_____ _ _
| | |___ ___ ___| |_ ___| |_
| | | | .'| | . | . | . | _|
|_|___|__,|_|_|___|___|___|_|
A personal AI assistant that runs on your terms. Cloud or local. Text or voice. Your machine, your models, your data.
Rust port of nanobot by HKUDS -- rebuilt from scratch for speed, portability, and offline-first operation.
Most AI assistants are cloud-locked SaaS products. nanobot is a single binary that talks to whatever LLM you point it at -- Claude, GPT, Gemini, Groq, or a GGUF running on your own hardware. Add voice and it becomes a conversational assistant you can interrupt mid-sentence. Add channels and it lives in your Telegram, WhatsApp, or Feishu.
No containers. No Python. No dependencies beyond what cargo build pulls in.
cargo build --release
# Initialize config and workspace
nanobot onboard
# Add your API key to ~/.nanobot/config.json
# Start chatting
nanobot agentAll providers speak the same OpenAI-compatible protocol. First API key found wins:
OpenRouter / DeepSeek / Anthropic / OpenAI / Gemini / Groq / vLLM
You: What's the weather like?
Toggle between cloud and local inference mid-conversation. nanobot connects to LM Studio, loads a model, and switches over.
You: /local
Starting LM Studio server on port 1234...
Loading model...
LOCAL MODE LM Studio on port 1234
Model: NVIDIA-Nemotron-Nano-9B-v2-Q4_K_M.gguf
You: /model
Available models:
[1] gemma-3n-E4B-it-Q4_K_S.gguf (3923 MB)
[2] Ministral-8B-Instruct-Q4_K_M.gguf (4815 MB)
[3] NVIDIA-Nemotron-Nano-9B-v2-Q4_K_M.gguf (5352 MB) (active)
...
Select model [1-12] or Enter to cancel:
Switch models on the fly. The server process is monitored -- if it crashes during loading, you get the error immediately instead of waiting for a timeout. Stale servers from previous sessions are cleaned up automatically.

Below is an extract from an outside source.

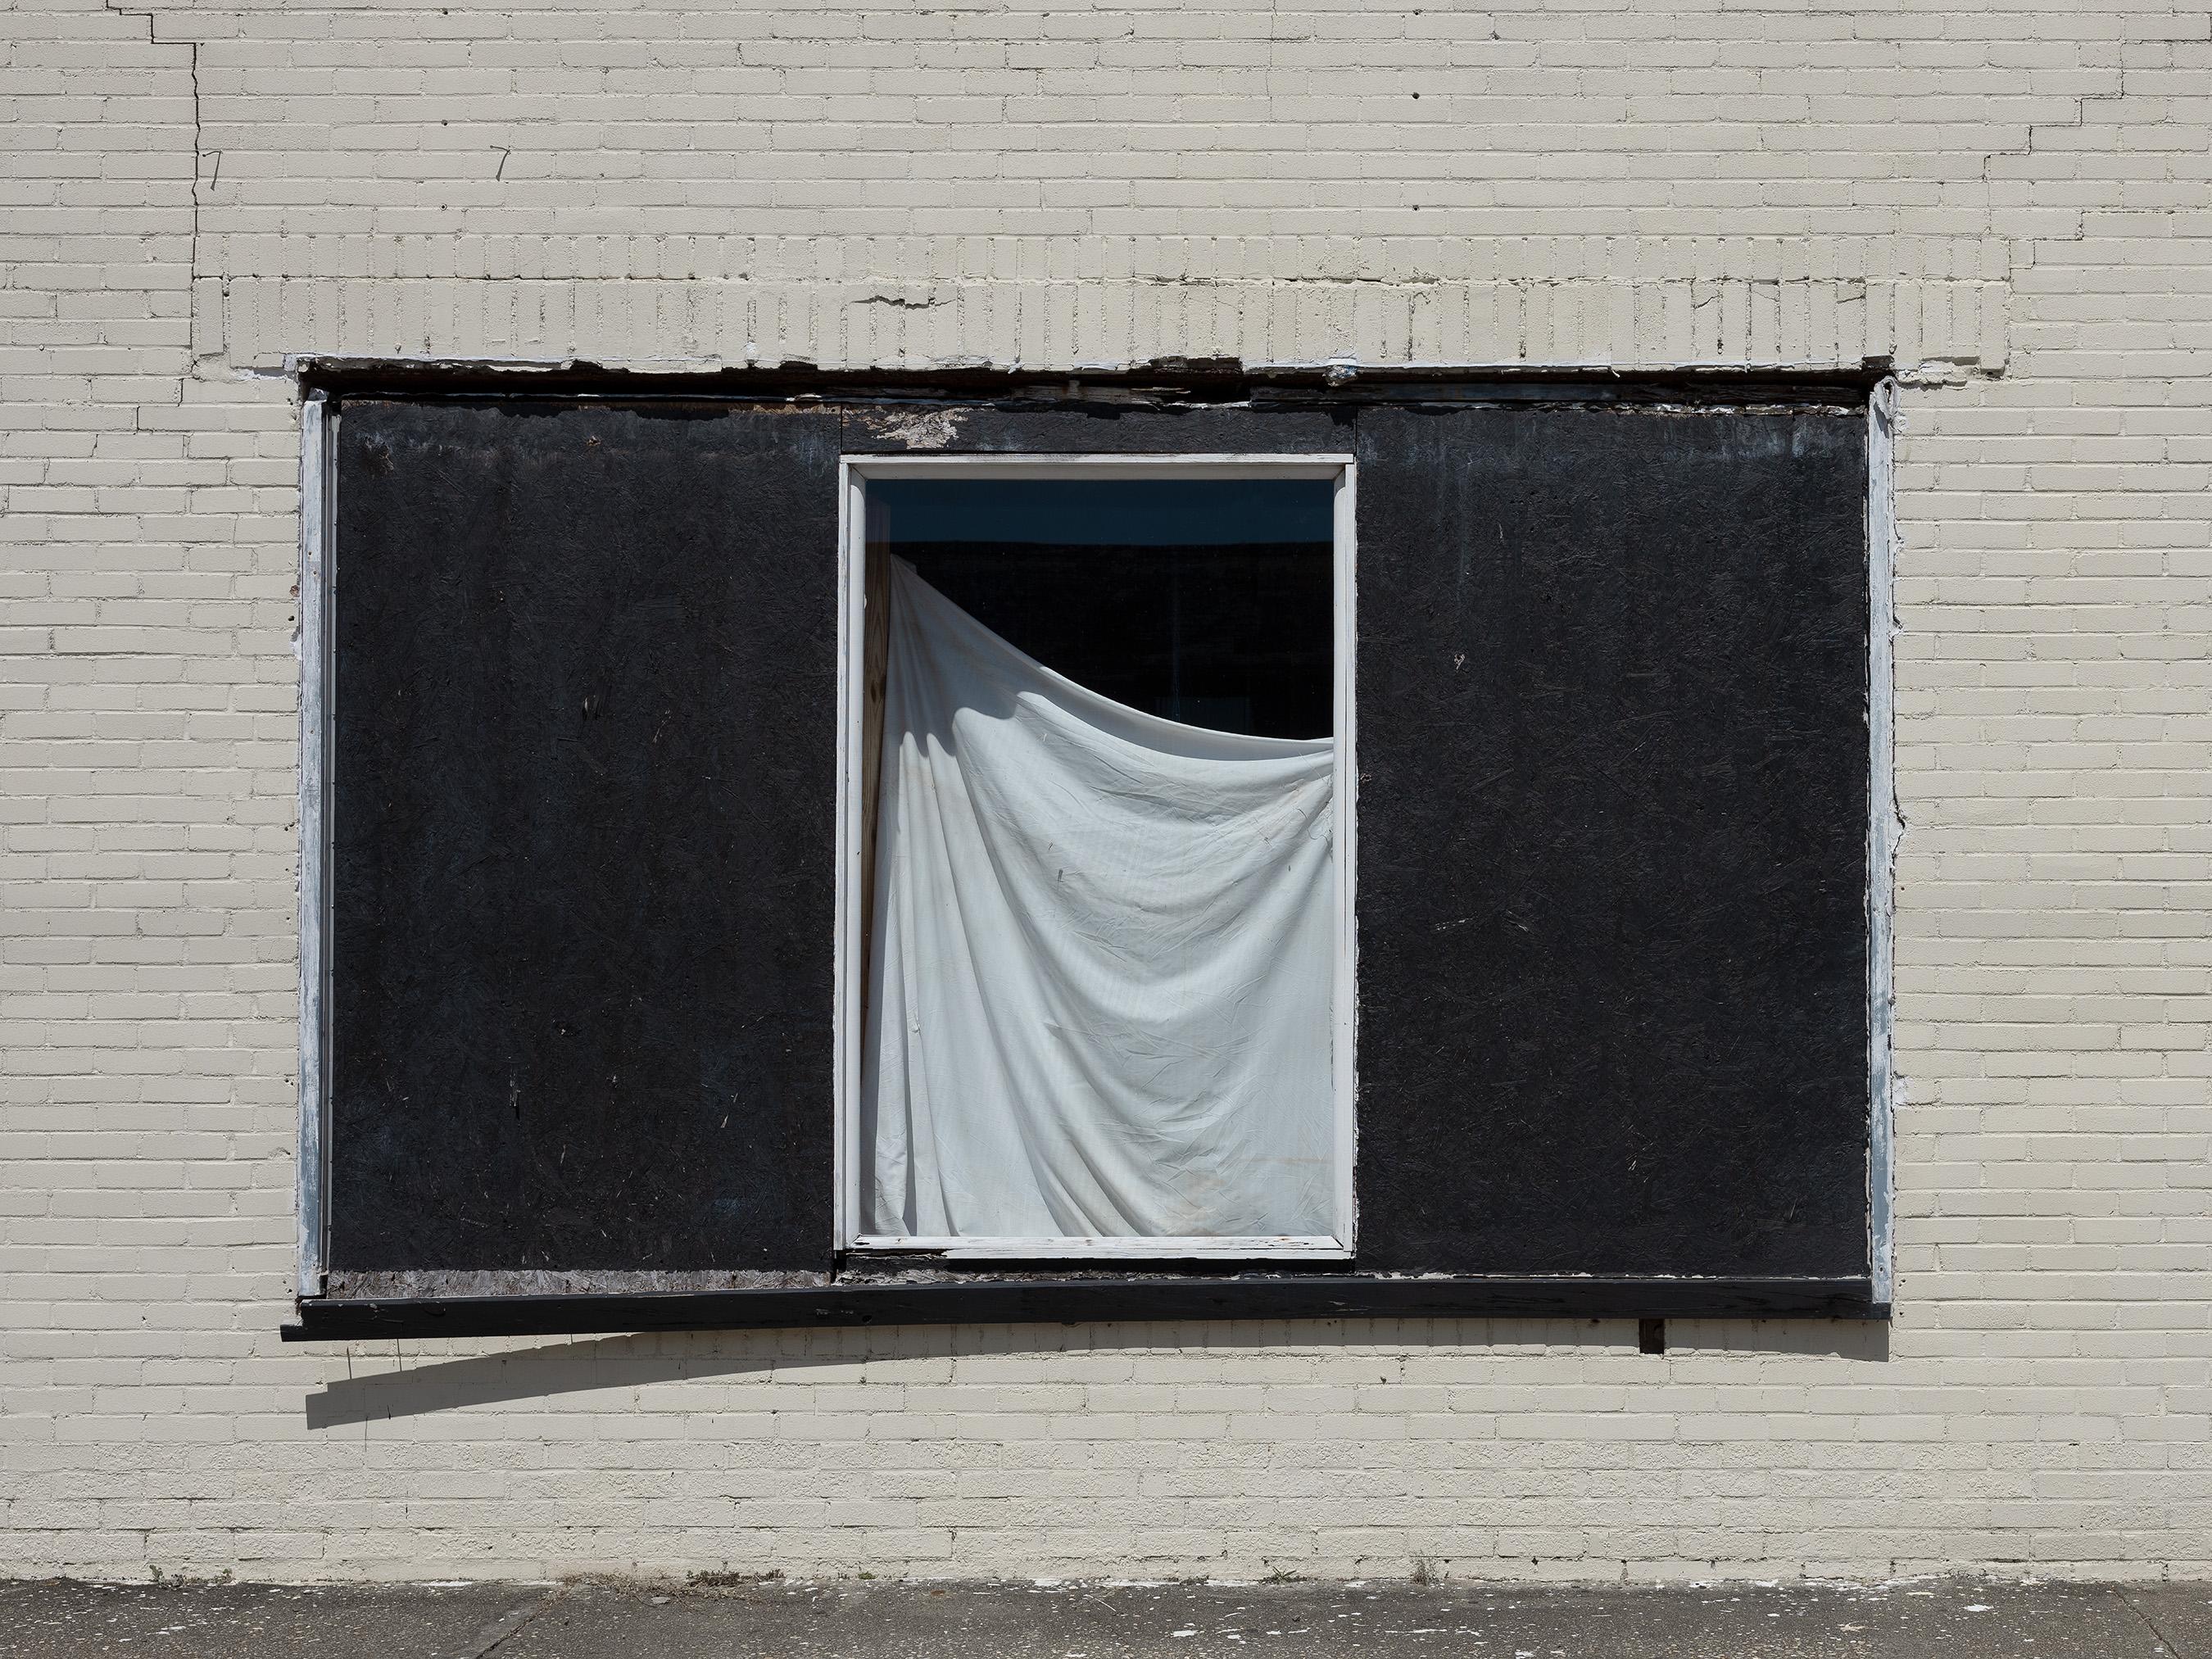 Jerry Siegel Color Photograph - "Window with Sheet" - Southern Documentary Photography - Christenberry

cargo build --release --features voiceYou: /voice
Voice mode ON. Ctrl+Space or Enter to speak, type for text.
Recording... (press Enter or Ctrl+Space to stop)

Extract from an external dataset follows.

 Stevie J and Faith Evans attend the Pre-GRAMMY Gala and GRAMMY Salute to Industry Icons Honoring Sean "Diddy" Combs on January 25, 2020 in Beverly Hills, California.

You said: "What time is it in Tokyo?"
It's currently about two in the morning in Tokyo.
Voice mode uses on-device models -- no cloud STT/TTS:
- Speech-to-text: Whisper (via jack-voice)
- Text-to-speech: Pocket TTS (Candle, 24kHz, CPU real-time)
Audio is streamed sentence-by-sentence through PulseAudio. First audio plays in ~300-500ms while remaining sentences synthesize in the background.
Interrupt anytime: press Enter during playback to cut the response short and start speaking. The assistant stops talking and listens.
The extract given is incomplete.